* [Work instruction]
Write out the full listing exactly as given, minus the images.

* [Information supplied]
***

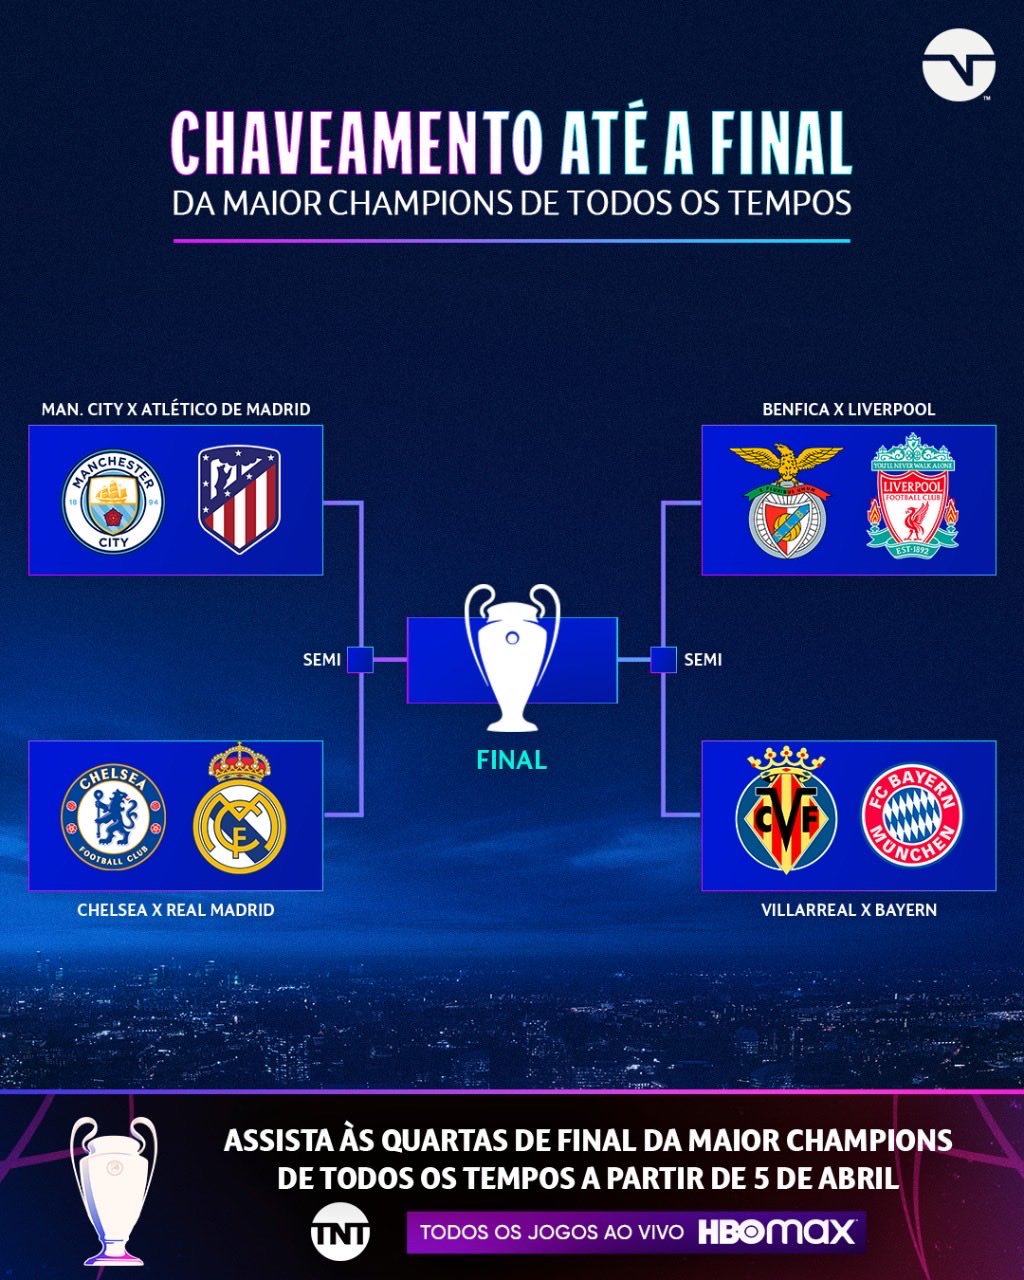 Alexandre Praetzel on X: Quartas de Final da Champions League definidas.  Exclusivo na ⁦@TNTSportsBR⁩ e ⁦@EstadioBR⁩.  / X
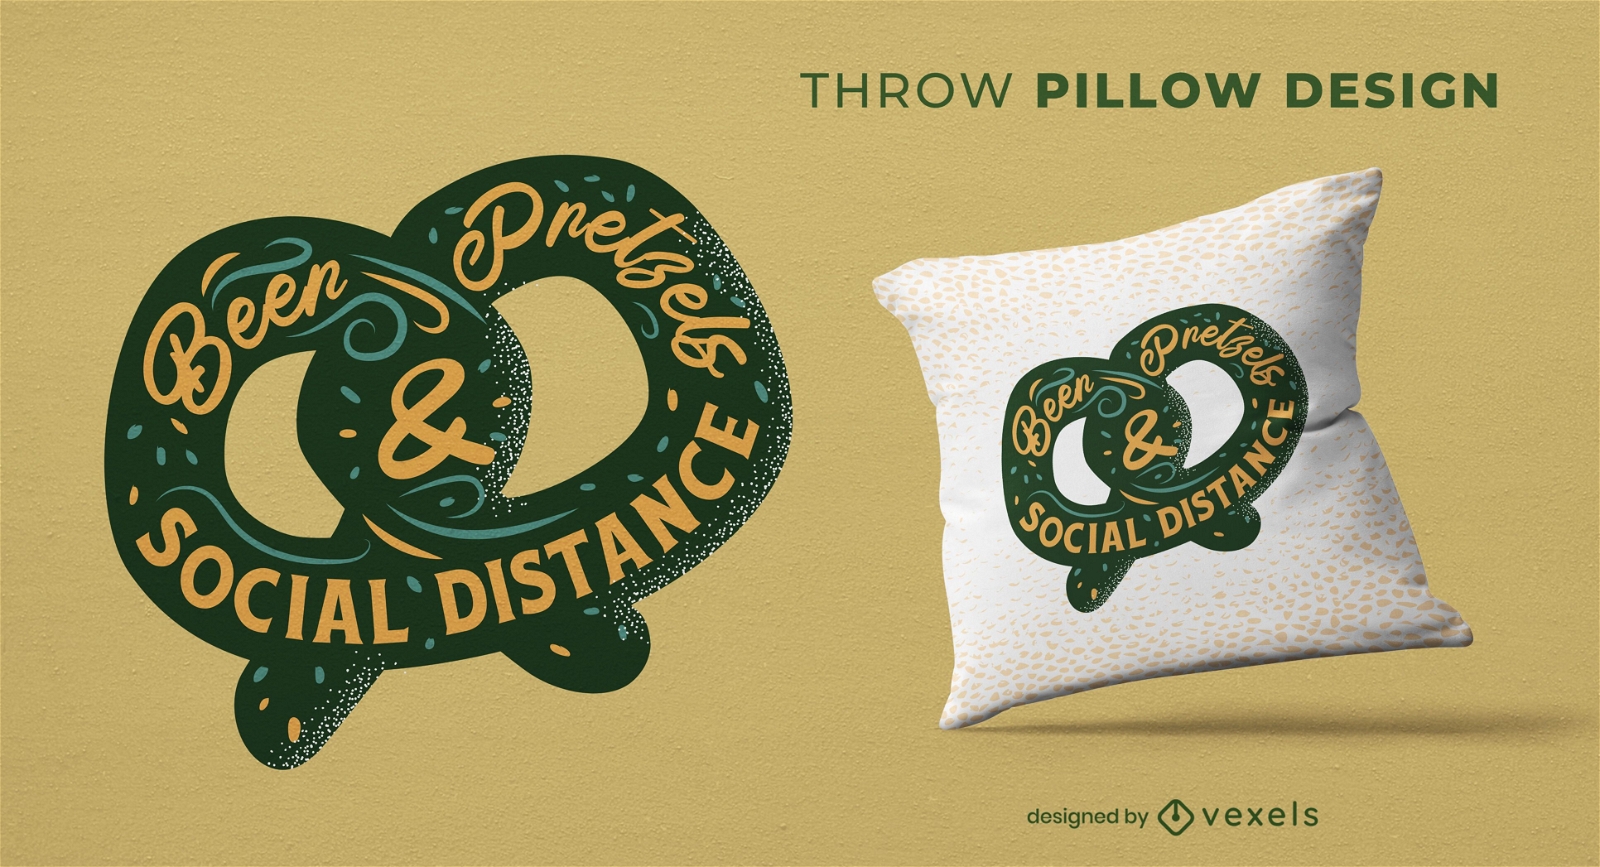 Pretzel & beer throw pillow design
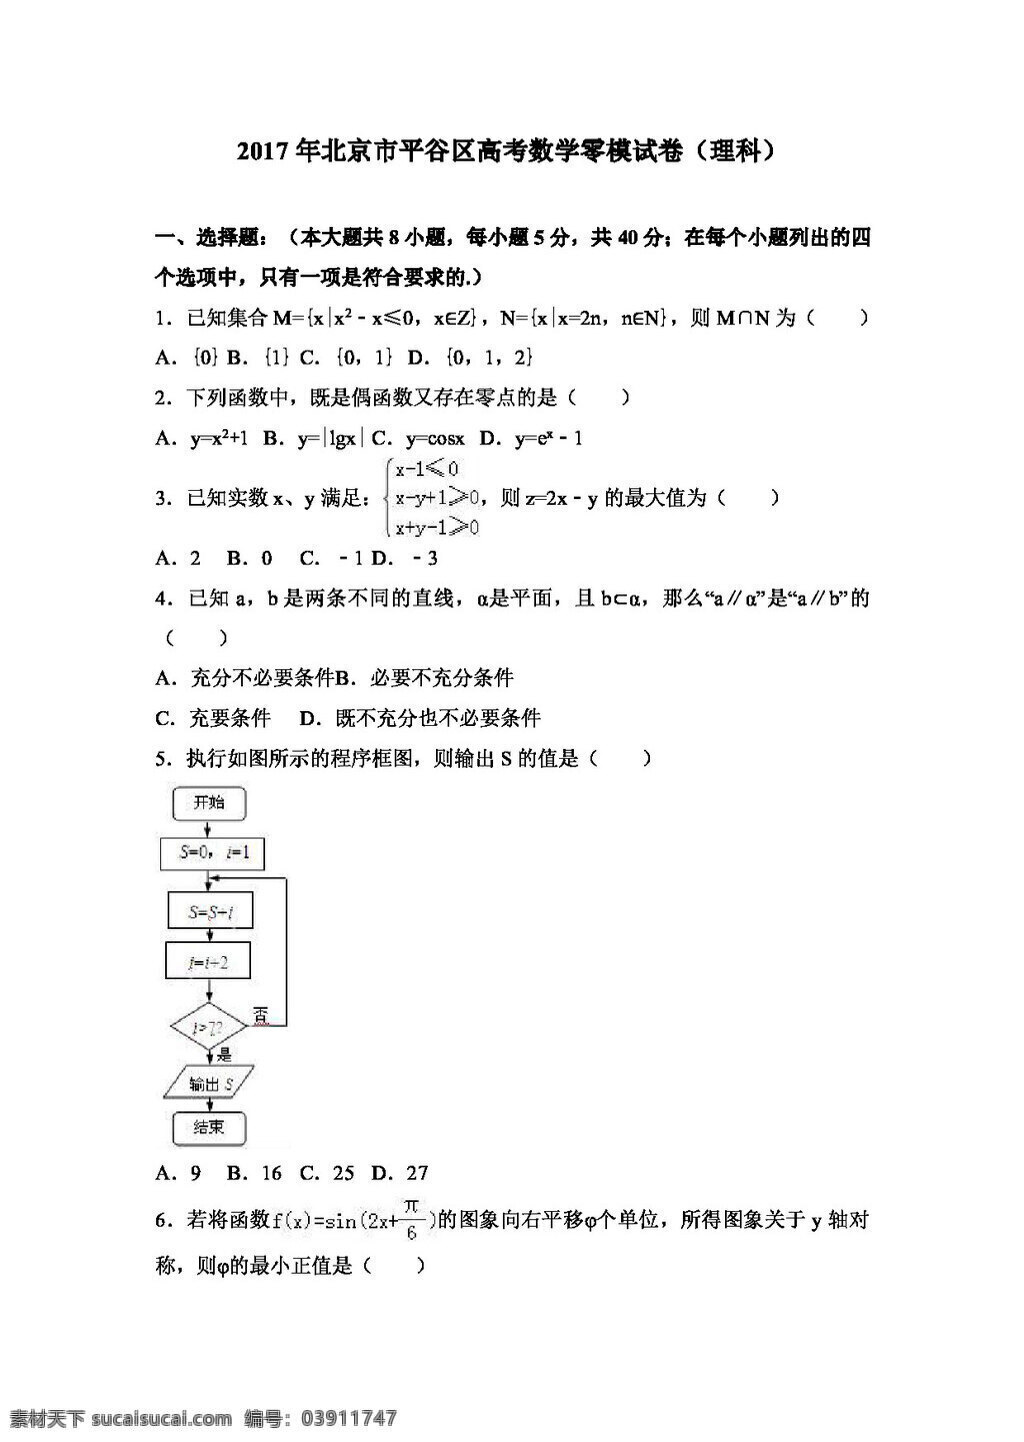 数学 人教 版 2017 年 北京市 平谷区 高考 零 模 试卷 理科 高考专区 人教版

***

* [Result of the exercise]
 Alexandre Praetzel on X: Quartas de Final da Champions League definidas.  Exclusivo na ⁦@TNTSportsBR⁩ e ⁦@EstadioBR⁩.  / X
 Pretzel & beer throw pillow design
 数学 人教 版 2017 年 北京市 平谷区 高考 零 模 试卷 理科 高考专区 人教版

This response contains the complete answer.